Another COVID-19 outbreak at sea has forced a U.S. Navy destroyer to return to port.
Eighteen sailors from the Kidd, a destroyer underway in the eastern Pacific Ocean, have tested positive, the Navy announced Friday. The ship, which has a crew of about 350, is returning to port, according to Navy spokesperson Lt. Cmdr. Megan Isaac, who said operational security prevented her from identifying the destroyer’s destination. Its home port is Everett, Wash.
The Kidd is the second Navy ship to be sidelined by COVID-19, following the aircraft carrier Theodore Roosevelt, which was forced to extend a previously scheduled port call in Guam because of an outbreak that ultimately infected more than 800 sailors.
The destroyer left its last port of call, Pearl Harbor, Hawaii, on March 20, according to Isaac. The more than one-month gap between its departure from Pearl Harbor and the first COVID-19 diagnosis suggests that one or more sailors were infected while in Hawaii, but asymptomatic. The ship had previously visited Guam in mid-February, according to a Navy news release.

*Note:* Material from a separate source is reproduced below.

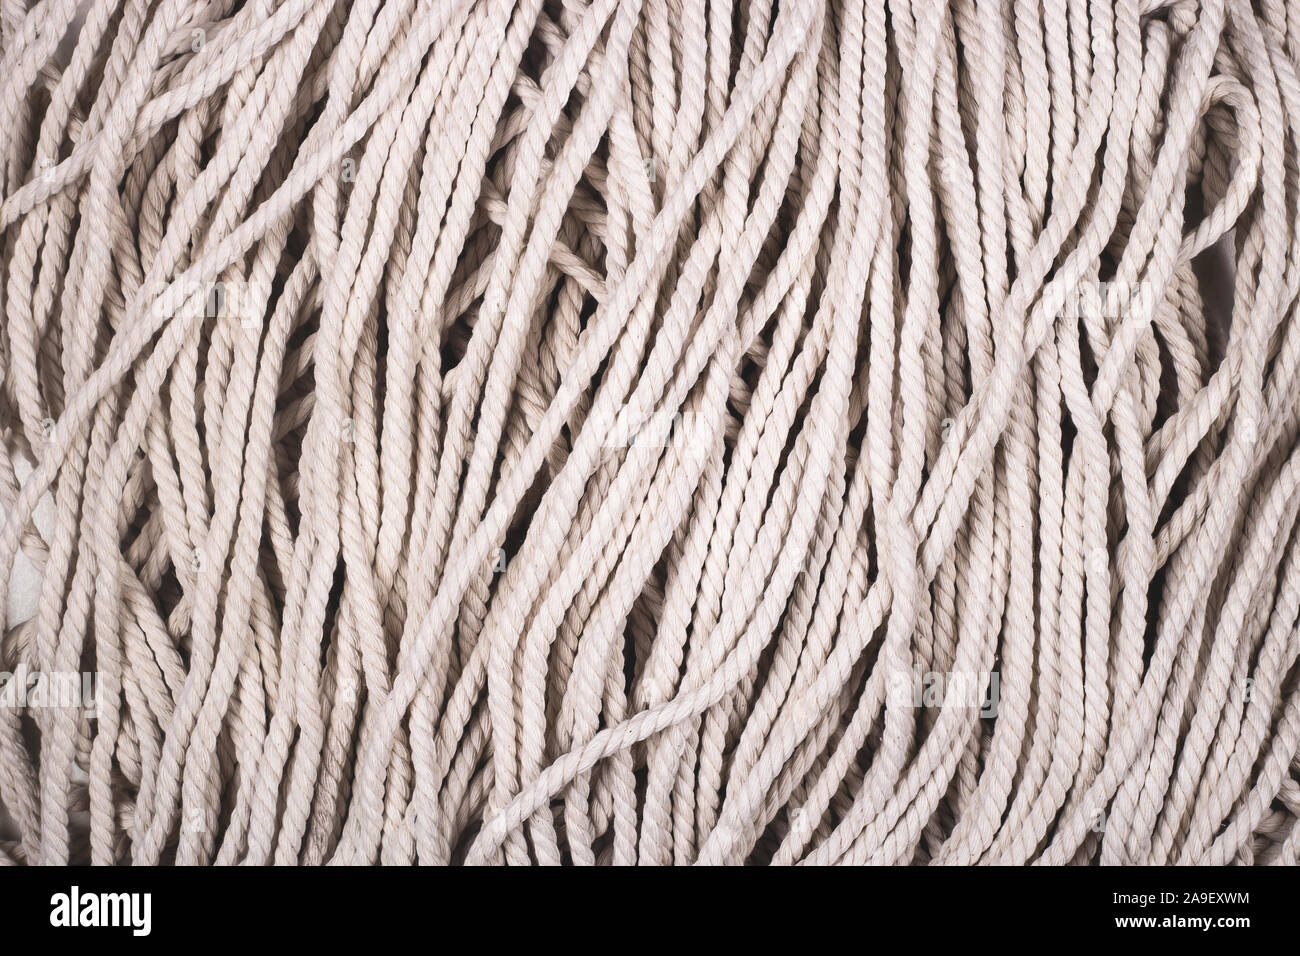 Cotton white rope texture as natural material and background with

The Kidd was conducting independent counter-narcotic operations when the drama began Thursday, according to Isaac. After a sailor aboard the ship began displaying symptoms of COVID-19, the disease caused by the coronavirus, he was medically evacuated to San Antonio, where he tested positive, Defense Department spokesman Jonathan Hoffman said Friday.
Based on lessons learned from its Theodore Roosevelt experience, within 24 hours the Navy sent an eight-person “specialized medical evaluation team” to the ship, where the team began testing the rest of the crew and doing contact tracing, according to Hoffman.
By Friday morning, 17 more sailors had tested positive, according to the Navy. “Testing continues, and we expect additional cases,” a Navy statement said. “All measures are being taken to evaluate the extent of the COVID-19 transmission on the ship.”
The ship is preparing to “quickly” return to port, “where [the team] will undertake efforts to clean the ship, they will remove a portion of the crew from the ship and work to get everybody back to health and get the ship back to sea,” Hoffman said. After the ship has been cleaned and disinfected in accordance with guidance from the Navy and the Centers for Disease Control and Prevention, “onboard test results will inform operational decisions,” the Navy statement said.
The sailor who was medically evacuated Thursday “is already improving and will self-isolate,” said Rear Adm. Don Gabrielson, commander of U.S. Naval Forces Southern Command and U.S. Fourth Fleet, in the Navy statement. “We are taking every precaution to ensure we identify, isolate, and prevent any further spread onboard the ship.”